We talked with Suh about the project’s success, her personal connection to knitting and what’s next, so grab your hat, or your yarn, and read on below.

GettyImages-632300638.jpg Photo via Getty Images/Mike Coppola

Paste: First off, congrats on Pussyhat Project’s massive success at the Women’s March! Did you ever expect to see that many hats?

Krista Suh: We didn’t expect it but we hoped and prepared for it. We’re an ambitious bunch over here at Pussyhat Project! As much as we hoped and prayed and visualized, it was still stunning to see all those women’s rights supporters gathered together in DC and around the world, with so many of them wearing the new symbol of resistance!

Paste: The hat has quickly become a symbol of unity, how do you see the project growing from here?

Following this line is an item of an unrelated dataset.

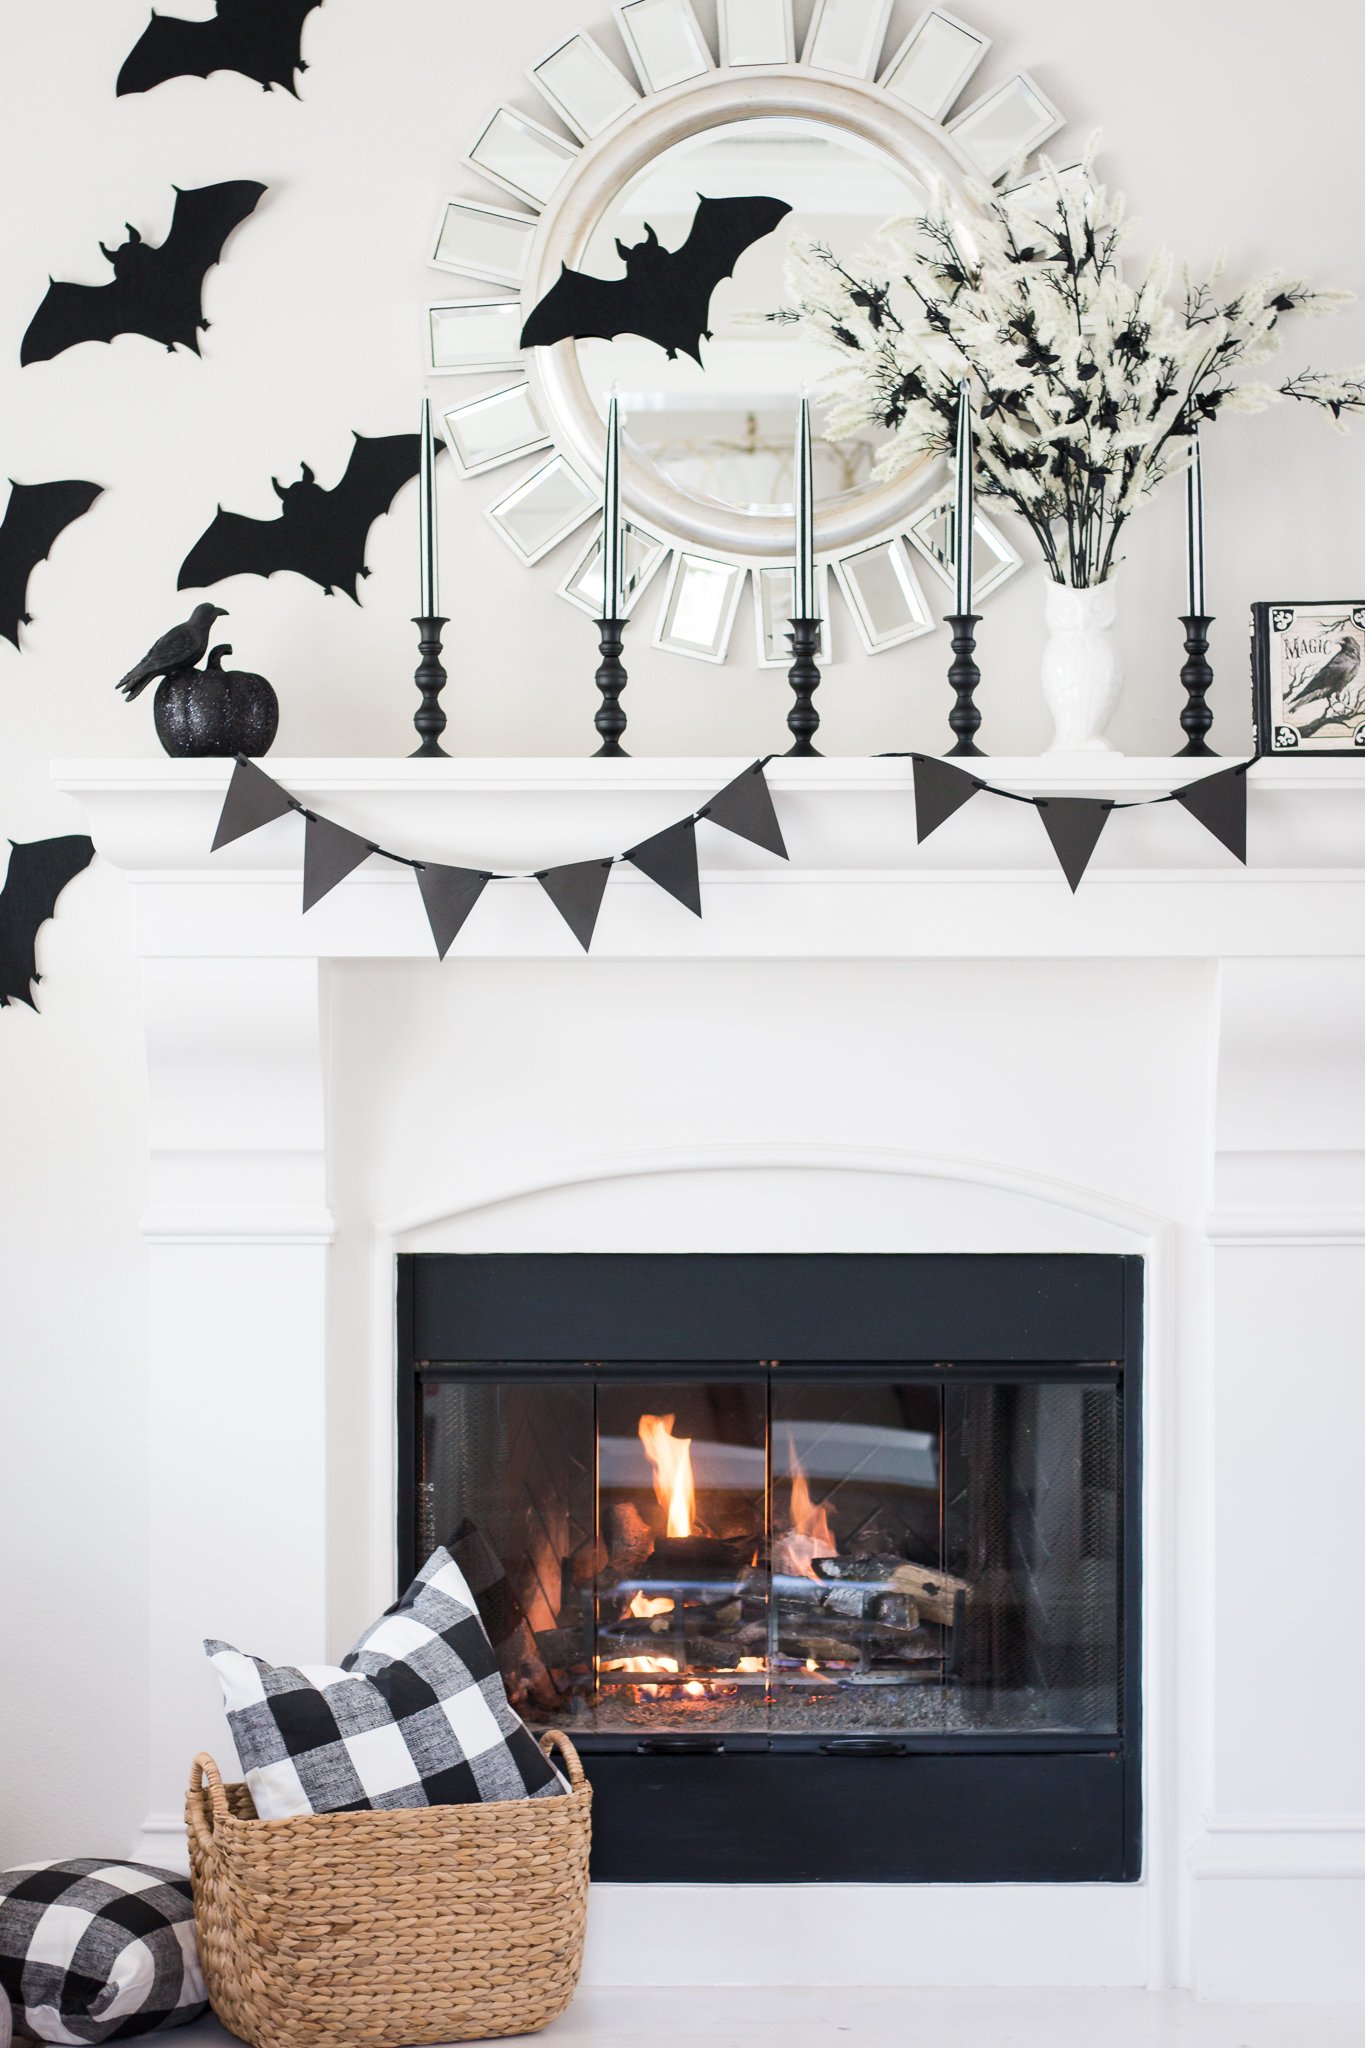 Black & White Halloween Mantel - A Thoughtful Place

Suh: I think the hat will be a physical reminder for all of us to A) Keep the good work up and B) Keep hope alive because we know that it’s already worked once—so many people from all over the country and all over the world did small actions that came together in a big way at the Women’s March. So any small action we take individually, for example, calling our senators, can add up to a big unified result, and the pussyhat is living proof of that.

Paste: The experience of knitting a hat seems to be as important as the hat itself. What has your personal experience with knitting been like?

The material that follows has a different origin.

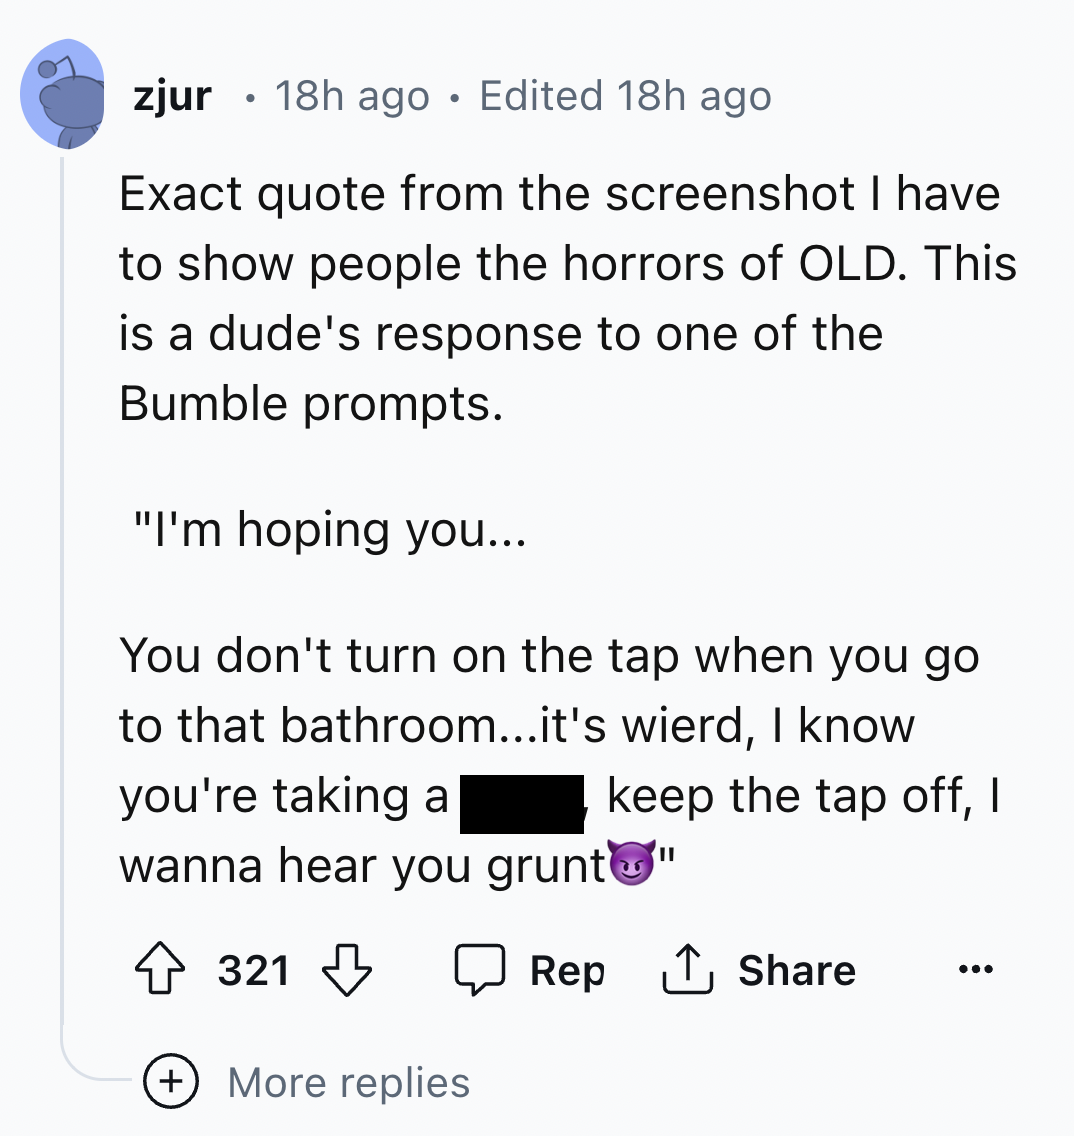 screenshot - zjur 18h ago Edited 18h ago Exact quote from the screenshot I have to show people the horrors of Old. This is a dude's response to one of the Bumble prompts. "I'm hoping you... You don't turn on the tap when you go to that bathroom...it's wie

Suh: My grandmother taught me how to knit and my knitting teacher Kat Coyle has taught me more since then. Knitting is so therapeutic to me, it gives me something tactile to do when so much of the world and so much of my work as a screenwriter is amorphous. So it’s soothing to make something that I can see and touch and feel the progress of.

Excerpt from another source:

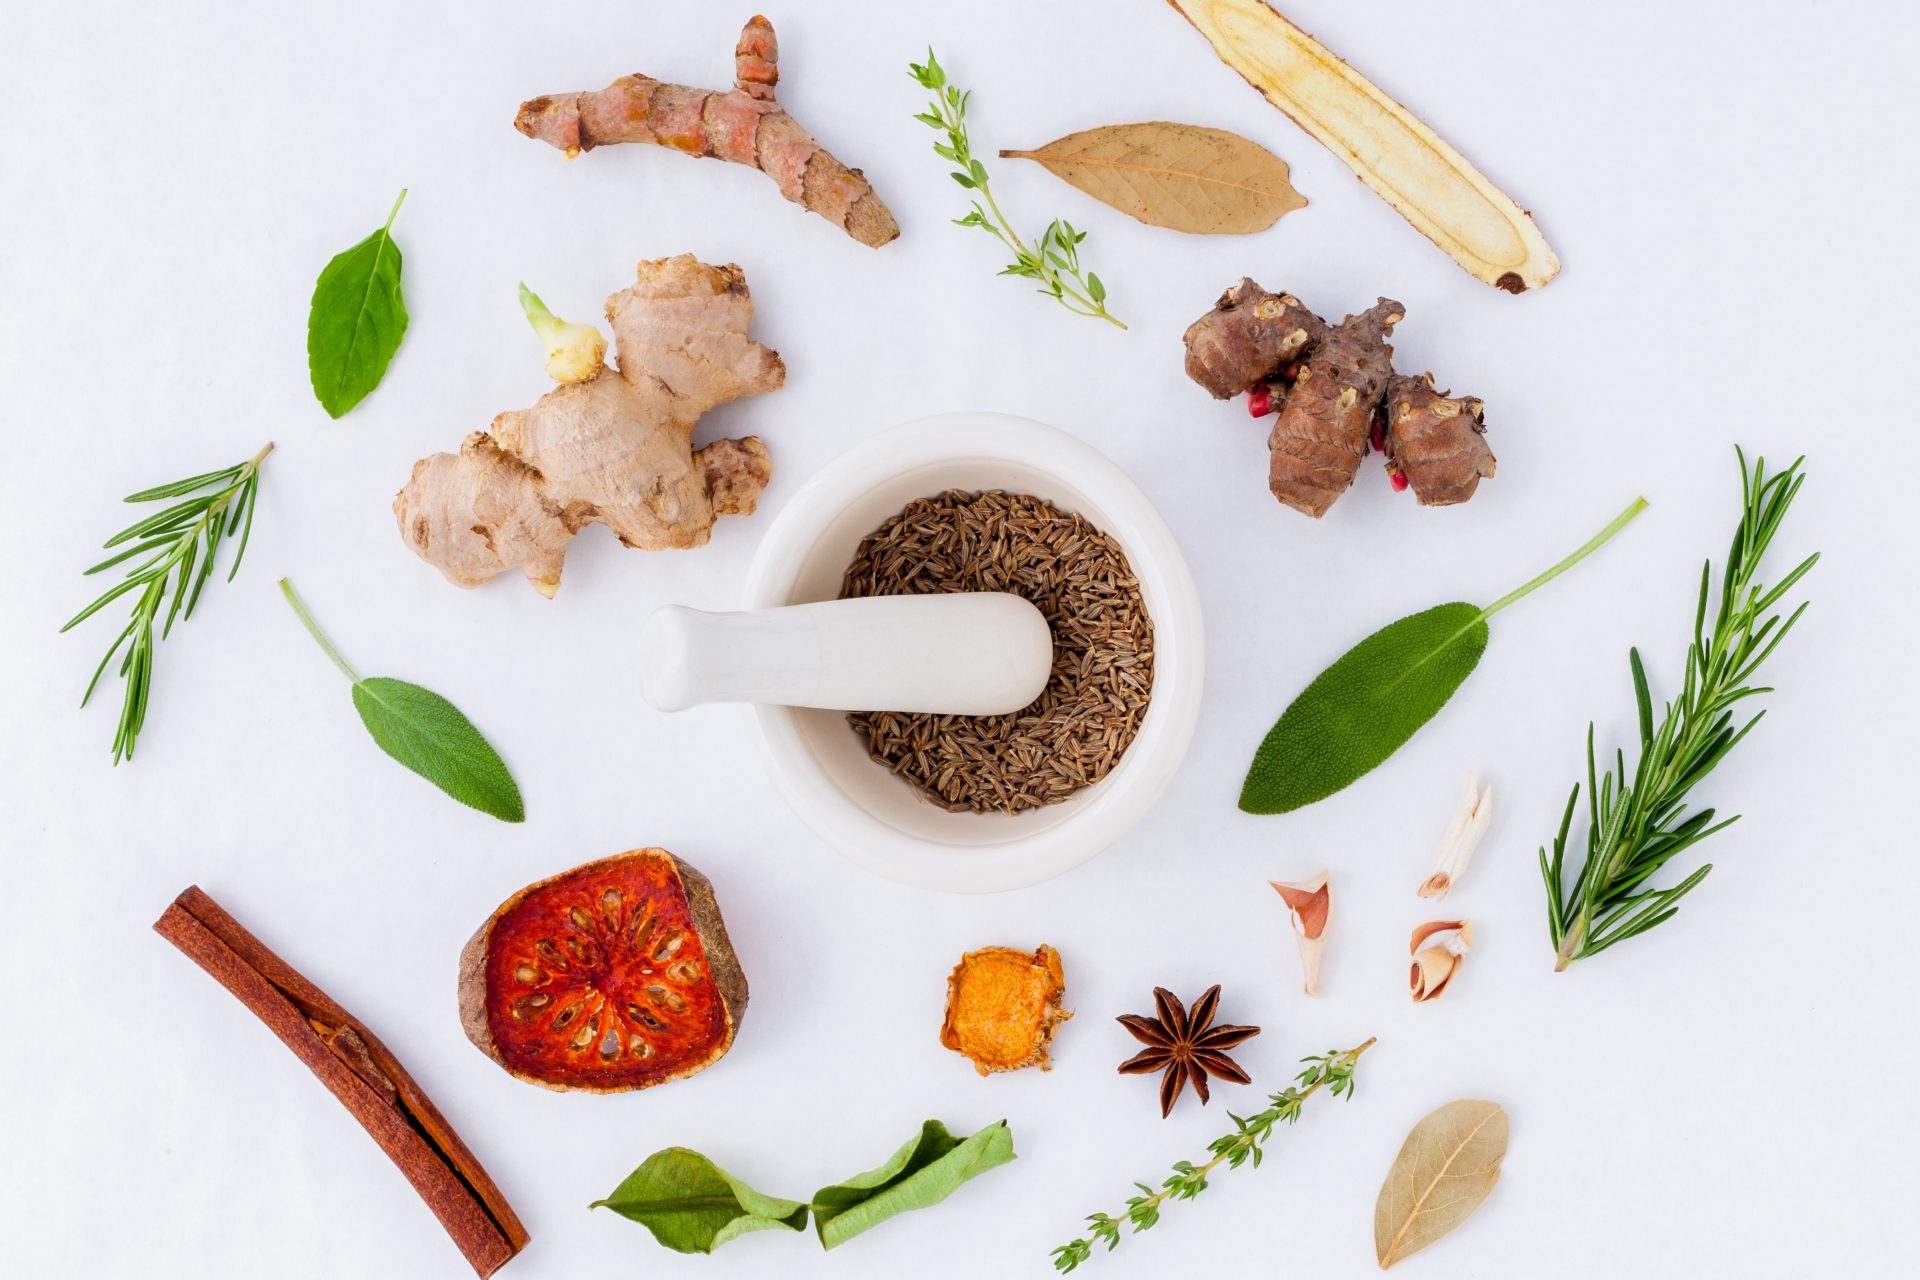 Spices, roots and plants

Paste: What is the particular moment the Pussyhat Project was born?

Suh: I was on a road trip with my family for my parents’ anniversary. I was looking out the car window and wondering what I could do at the Women’s March other than show up. I was thinking of what I could do on my person, visually: hold up a sign, wear something… nothing clicked until I realized that as an LA girl, I’d be super cold in DC and I thought idly that maybe I could knit myself a hat… and that’s when it clicked. If I as a beginner knitter could make this hat, anyone could, and people could send them in to DC and thus participate in the march even if they weren’t physically there. I immediately texted Kat to ask her to help—she is such a knitting super star and used to be a professional pattern maker, and above all, she is an amazing person who felt the devastation from the election results as much as I did.

Paste: What are some of the most powerful stories that marchers have shared with you?

Suh: Men have told me that they are so grateful for the pussyhat because it gives them a way to express publicly to women that they are safe and they will not harm them. A 99-year-old woman named Rose knit her own pussyhat. Young children as young as 6 or 7 are learning to knit with a pussyhat being their first project! One woman sent in a hat expressing that because of PTSD from being a rape victim, now rape survivor, she cannot be in crowds and cannot march, but she can and did send it 10 hats for marchers in DC as well as making another 10 for her local march in her hometown. People write in notes with the hats about women’s issues that mean the most to them—I particularly relate to people’s hopes to end violence against women and domestic abuse. One woman simply wrote “Planned Parenthood—because it saved my life.”

Paste: What women’s issues spark you to put on your hat?

Suh: I want to make the world a safer place for women—physically in the streets I want women to feel safe walking around and socially I want women to feel safe expressing themselves and their ideas. I am super passionate about this, and the pussyhat grew out of that need to make a change, or at the very least try!